Happy Pills

Happy pills, I’ve got those happy pills…

Recently I was fortunate enough to be interviewed by Philippa Willetts, a blogger and tweeter who has just launched a new podcast called Converge. Philippa plans to use podcasts to look at various forms of activism and, as a mental health service user herself, was keen to kick the project off by exploring the stigma surrounding mental health. One of the issues that came in our discussion was the stigmatising way in which the media refers to many mental health drugs, with “happy pills” being our least favourite description of what so many people know to be essential medication for their well-being. It got me thinking about the phrase, and I decided to unpack it a little.

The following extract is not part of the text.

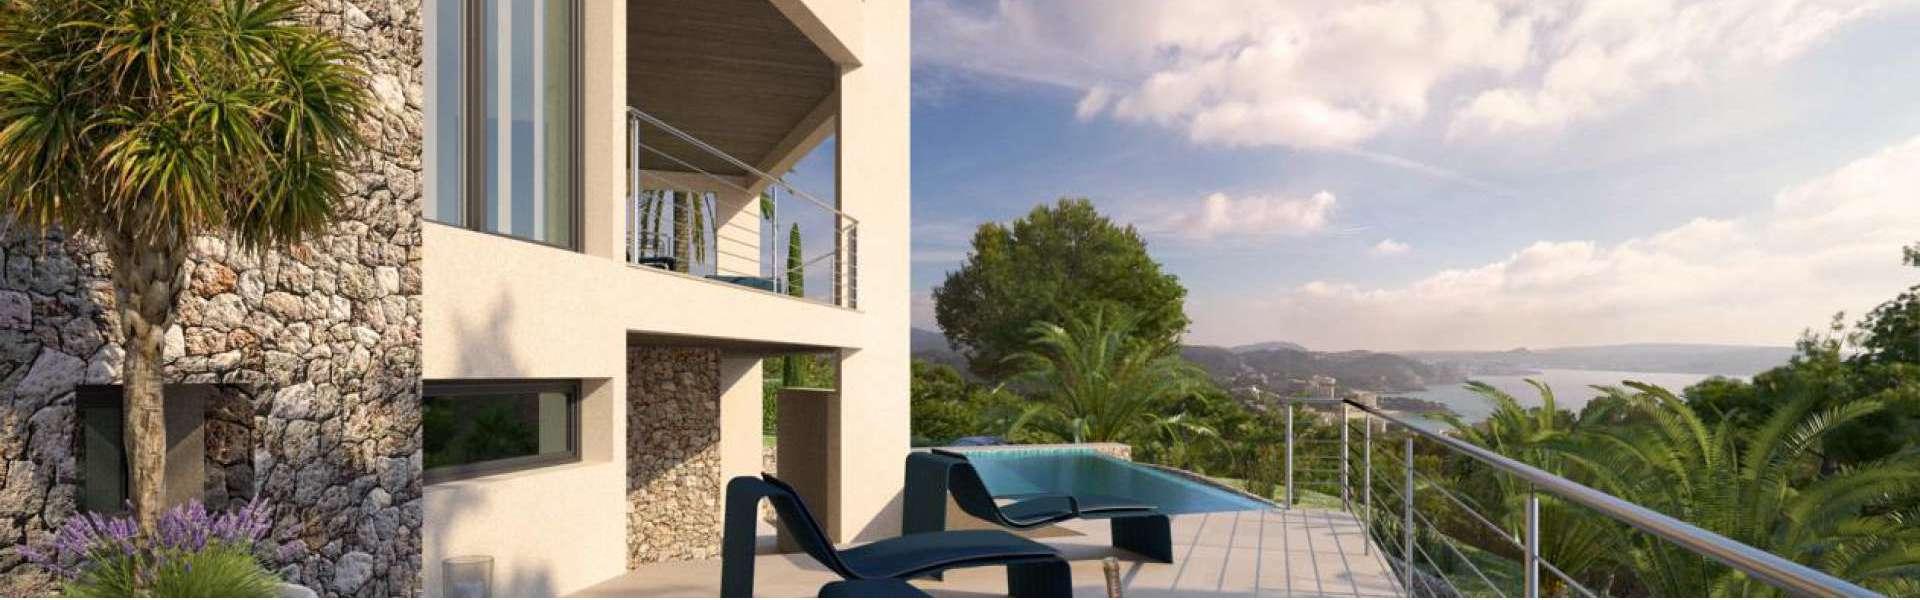 Paguera - Großzügiges Baugrundstück/Projekt mit Blick

First of all, for “happy pills” to be a negative term there has to be something wrong either with wanting to be “happy” or with wanting to achieve happiness by taking “pills”. There’s a kind of suspicion embedded in the phrase, a hint that people on antidepressants are trying to get something for nothing, to take a short cut towards something they’re not really entitled to. Except in my experience, mental health service users hardly sit around rubbing their hands with glee and trying to snaffle more than their fair share of the planet’s joy. Spend time with anyone suffering from depression, whatever their diagnosis, and the focus is always on relief from suffering. People who experience depression as numbness or emptiness often express a desire to feeling something, anything, while people who experience it as continual emotional pain talk of a desperate need to escape that pain, just for a day, even just for an hour. Either way, what people want is simply to feel how they used to, to feel normal.

Because no-one really takes antidepressants to feel “happy”. Being happy all the time would be abnormal, a pathological state in itself, as bipolars know only too well. Sometimes antidepressants can cause someone to “overshoot”, to go beyond and into that pathological happiness, but once hypomanic or manic the person simply has a whole new set of problems. What antidepressants are aiming for, along with drugs taken for their mood-stabilising qualities, is some semblance of normal mood or euthymia, well described on Wikipedia as “normal non-depressed, reasonably positive mood.” No-one’s searching for unreasonable happiness, undeserved joy. People are merely hoping for a mood state in which they experience transient happiness at some time, but no more than fleeting sadness at others. The normal human condition.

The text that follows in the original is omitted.